The different applications of Vertebral Body Tethering - Narrative review and clinical experience

A Baroncini a,, A Courvoisier b
PMCID: PMC10039119  PMID: 36974090

Abstract

Background

Vertebral body tethering (VBT) has been originally developed as a growth modulation technique for the surgical management of skeletally immature patients with adolescent idiopathic scoliosis (AIS). Given the positive results obtained in this setting, the use of VBT is gradually expanding to other patient categories, such as those with no or limited remaining growth or with non-idiopathic scoliosis. Aim of this manuscript is to offer an overview over the current applications of VBT, along with imaging and comments derived from the clinical experience. The work was based on a literature search conducted in January 2023 on Pubmed, Scopus and Web of Science databases. Following keywords were used for the search: vertebral body tethering, adolescent idiopathic scoliosis, early onset scoliosis, neuromuscular scoliosis, syndromic scoliosis.

Results

Three patient categories in which VBT has been applied have been highlighted: VBT for growth modulation in AIS, VBT as anterior scoliosis correction in AIS and VBT for non-idiopathic curves or early-onset scoliosis.

Conclusion

While growth modulation in AIS still represents the most widespread use of VBT, the use of this technique has yielded positive results in different settings as well, such as scoliosis correction in AIS or temporary or definitive curve management in non-AIS curves. While long-term results are lacking, patient selection seems to play a central role to reduce the complication rate and ensure predictable and stable results.

Keywords: VBT, Scoliosis, Growth modulation, VBT-ASC, Anterior scoliosis correction, EOS, AIS

1. Introduction

Vertebral Body Tethering (VBT) is a relatively new and increasingly popular technique for scoliosis correction in selected adolescent idiopathic scoliosis (AIS) patients. VBT has been originally engineered for the correction of scoliosis through growth modulation1,2 and represents a development of vertebral body stapling (VBS). This approach was developed based on the experience with unilateral growth modulation in knee joint deformities, aiming to limit the vertebral growth on the convex side of the curve to obtain curve correction as skeletal maturity progresses.3, 4, 5 While posterior spinal fusion still represents the gold standard for the surgical management of scoliosis, this technique only allows the restoration of a correct alignment of the spine and not of its function. The aim of VBT is more ambitious, as the goal is to get as close as possible to a normal spine not only in terms of shape, but also in terms of function.

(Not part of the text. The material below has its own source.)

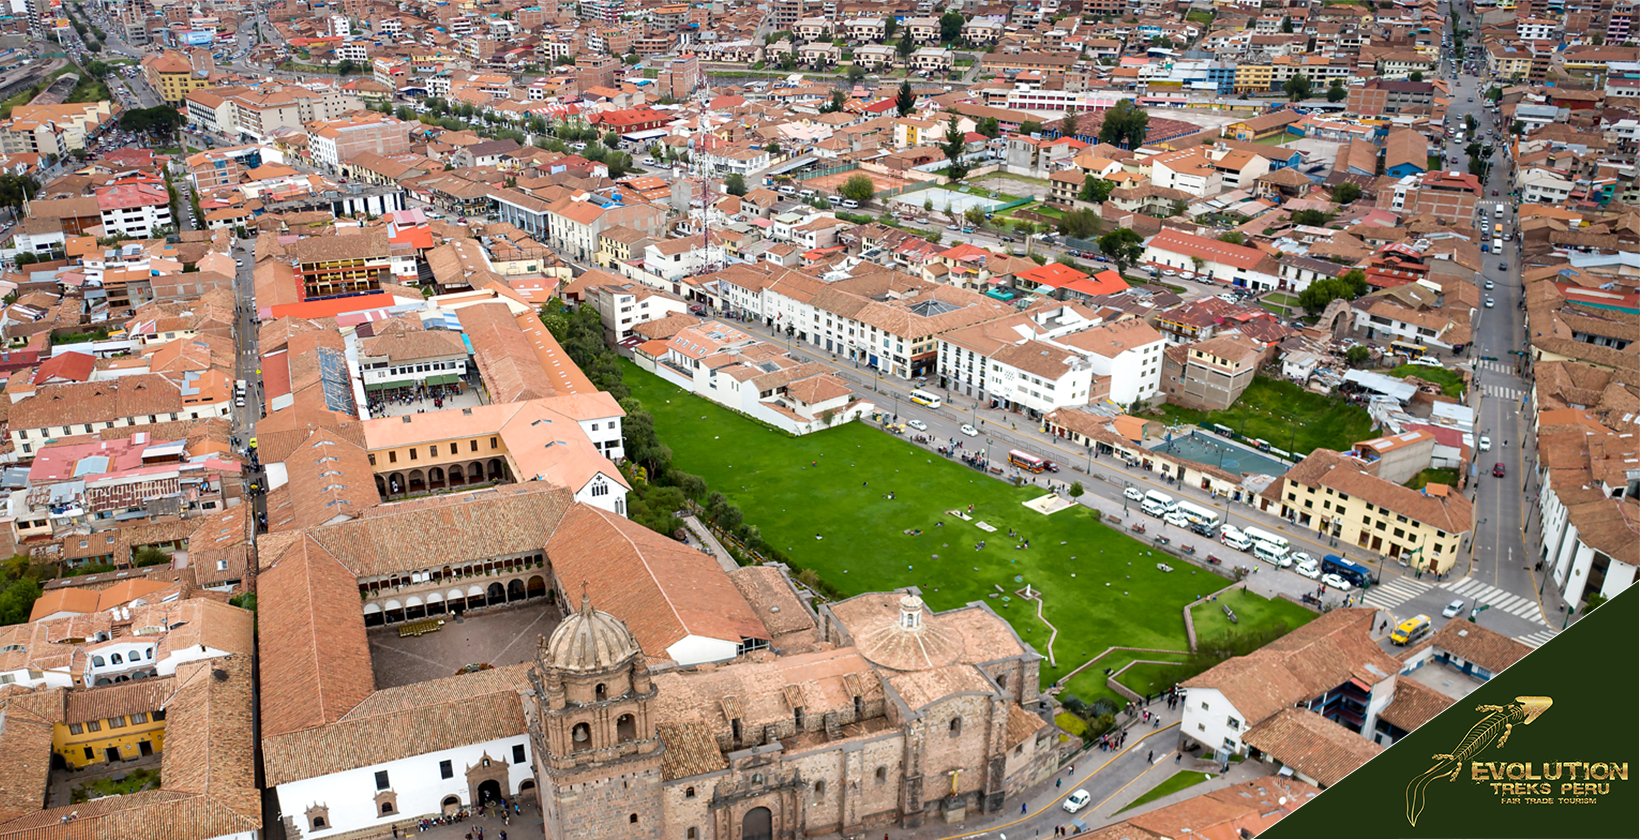 Celebrate Cusco's Golden History, Monasterio

In the past years, numerous studies have reported positive radiographic outcomes after VBT,6,7 not only on the coronal but also on the sagittal plane.8 It has also been shown that, when successful, VBT can indeed induce growth modulation5 and maintain spine mobility.9,10 Further advantages of VBT over posterior spine fusion (PSF) are that VBT allows a full and quick resumption of activities of daily living and sports11 and, so far, does not lead to adjacent segment degeneration.12,13 Despite being an anterior technique, VBT does not impact the pulmonary function even in case of bilateral surgery with deflation of both lungs.14

Given the positive experience with VBT as a growth modulation technique and its potential advantages over PSF, the employment of VBT is gradually being tested in other patient groups, such as non-idiopathic scoliosis or AIS patients who have already reached skeletal maturity. However, the current different possible applications of VBT have not yet been summarized. Aim of this narrative review is to offer an overview and clinical examples of different applications for VBT, from the most common and studied use for AIS correction in skeletally immature patients with flexible curves to new frontiers such as curve correction in AIS patients who have reached skeletal maturity, management of non-idiopathic curves or temporary curve control in early onset scoliosis (EOS) patient.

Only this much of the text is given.